Years ago I read a study about "the evolution of cooperation." I’ve shared its principles with friends and colleagues ever since.
Cooperation Theory (as it’s also called) is especially useful when you’re worried about being either too nice or too nasty in dealing with strangers and deciding whether to trust them. After all, there ARE people who take advantage of other people out there.
The study showed that the most successful tactic was to use a ‘tit for tat with occasional forgiveness’ decision rule:
1. Always be nice first to a stranger;
2. Make a note of their response;
3A. If they are nice back, they become part of your OK To Work With network
3B. If they are nasty back, they become part of your NOT OK To Work With network.
4. The next time you meet them, act accordingly (OK=work with; NOT OK=not work with)
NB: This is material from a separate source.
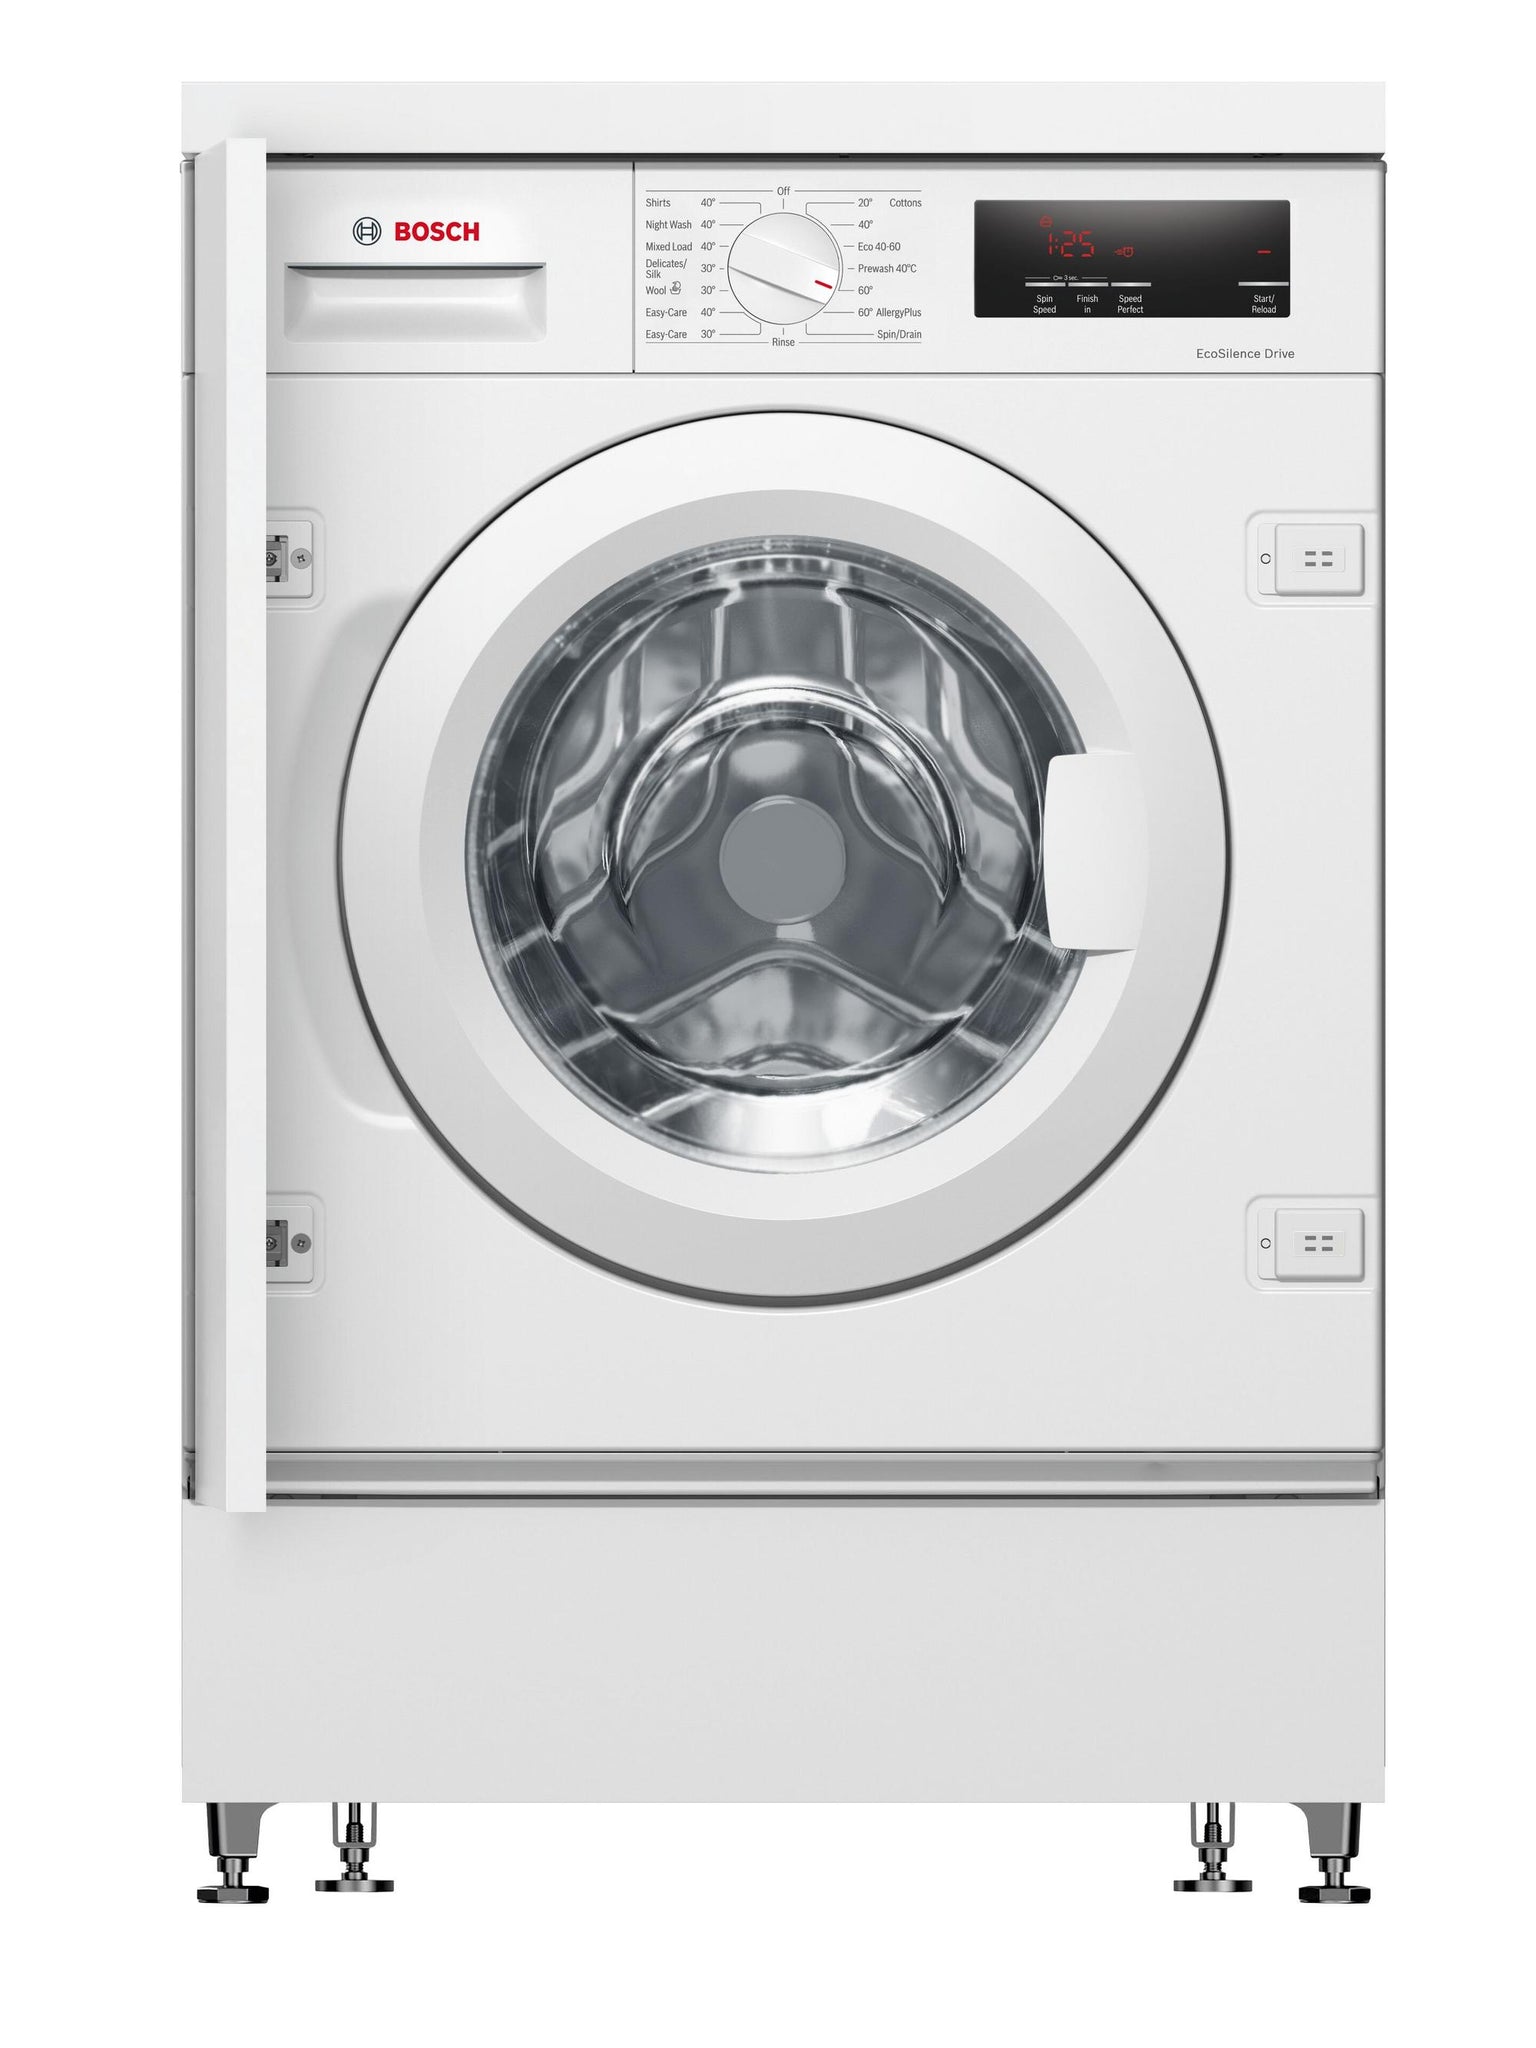 Bosch Wiw28302gb Integrated Washing Machine Euronics Limited Promotional Offer
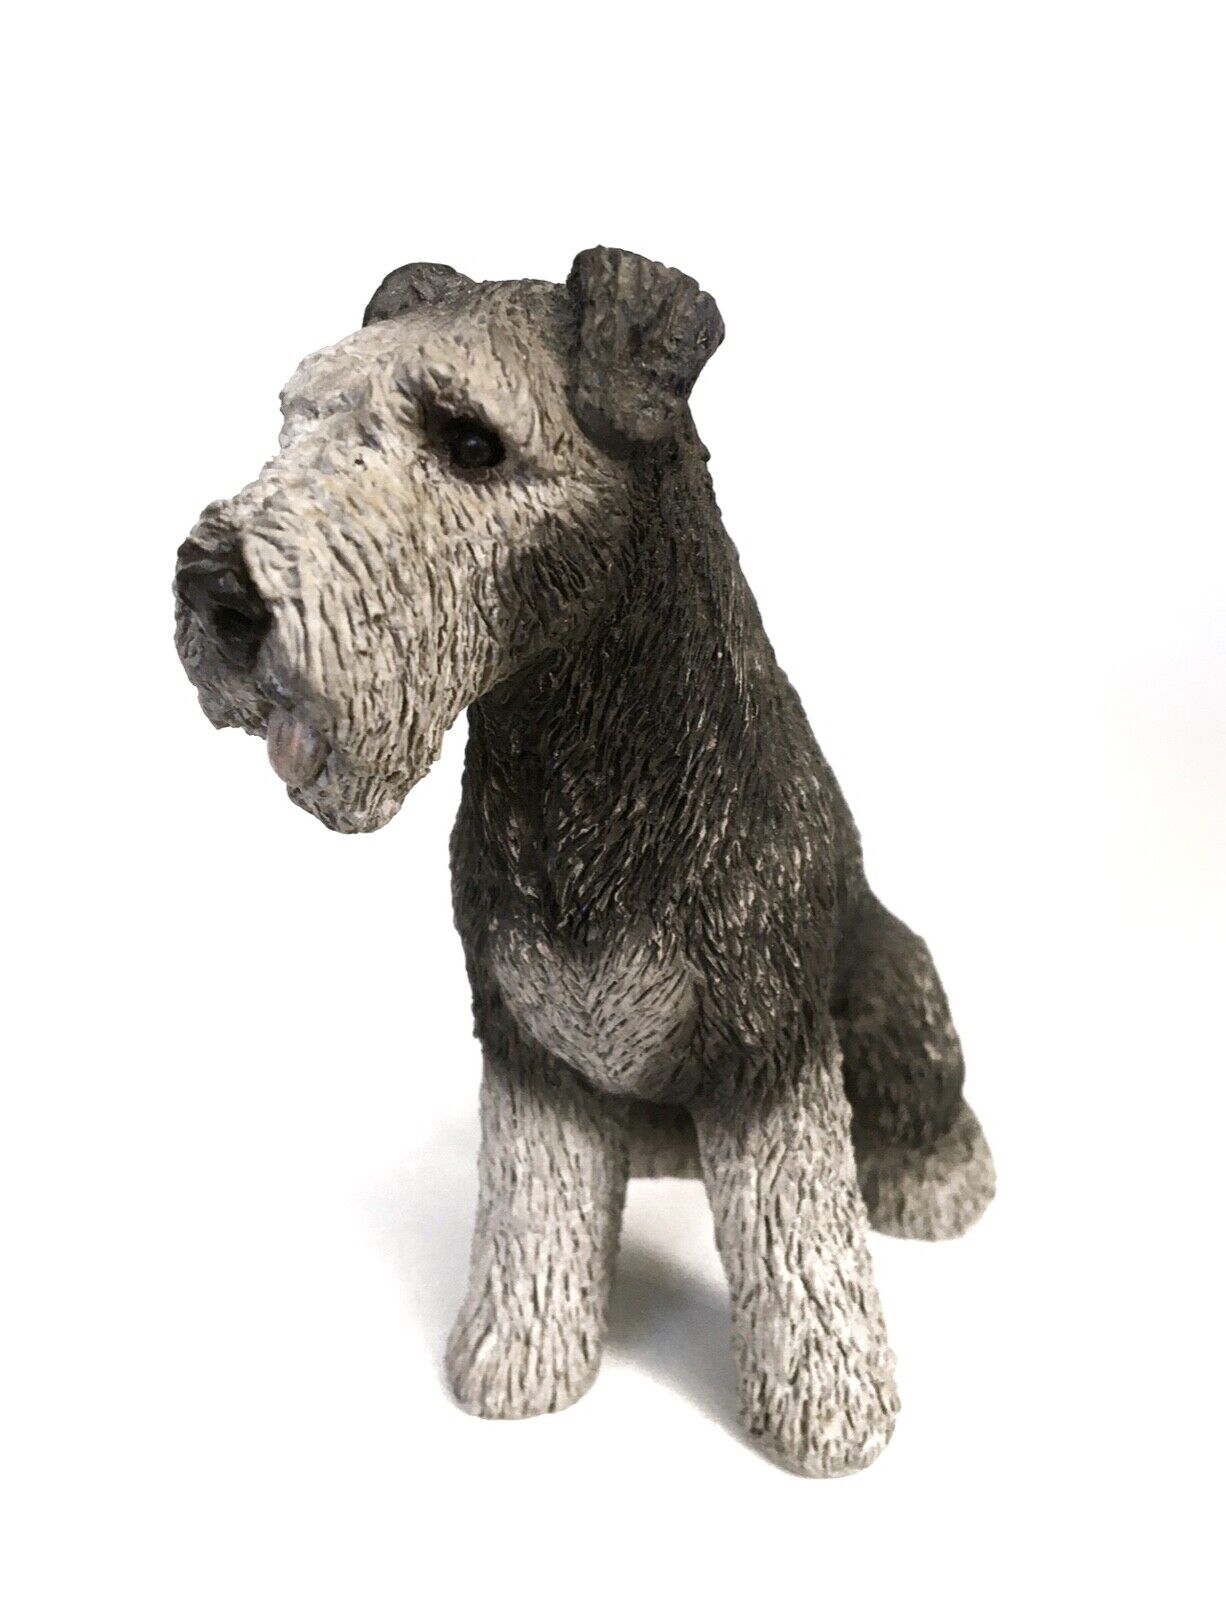 Vintage Sandicast Grey Airedale Terrier Signed by Sandra Brue 4.5” Tall

This tactic was proven to work over repeated interactions of Cooperators and Non-Cooperators. The Cooperators formed trusted referral pools over time, while Non-Cooperators became identified and isolated and unable to function.
There’s an excellent overview article about this now in Wikipedia; highly worth reading and adding to your toolkit:
The Evolution of Cooperation: The study of how cooperation can emerge and persist (also known as cooperation theory) as elucidated by application of game theory. This article is an introduction to how game theory and computer modeling are illuminating certain aspects of moral and political philosophy, particularly the role of individuals in groups, the "biology of selfishness and altruism", and how cooperation can be evolutionarily advantageous.
The Randian premise that self-interest is paramount is largely unchallenged, but turned on its head by recognition of a broader, more profound view of what constitutes self-interest.
In summary, success in an evolutionary "game" correlated with the following characteristics:
. Be nice: cooperate, never be the first to defect.
. Be provocable: return defection for defection, cooperation for cooperation.
. Don’t be envious: be fair with your partner.
. Don’t be too clever: or, don’t try to be tricky.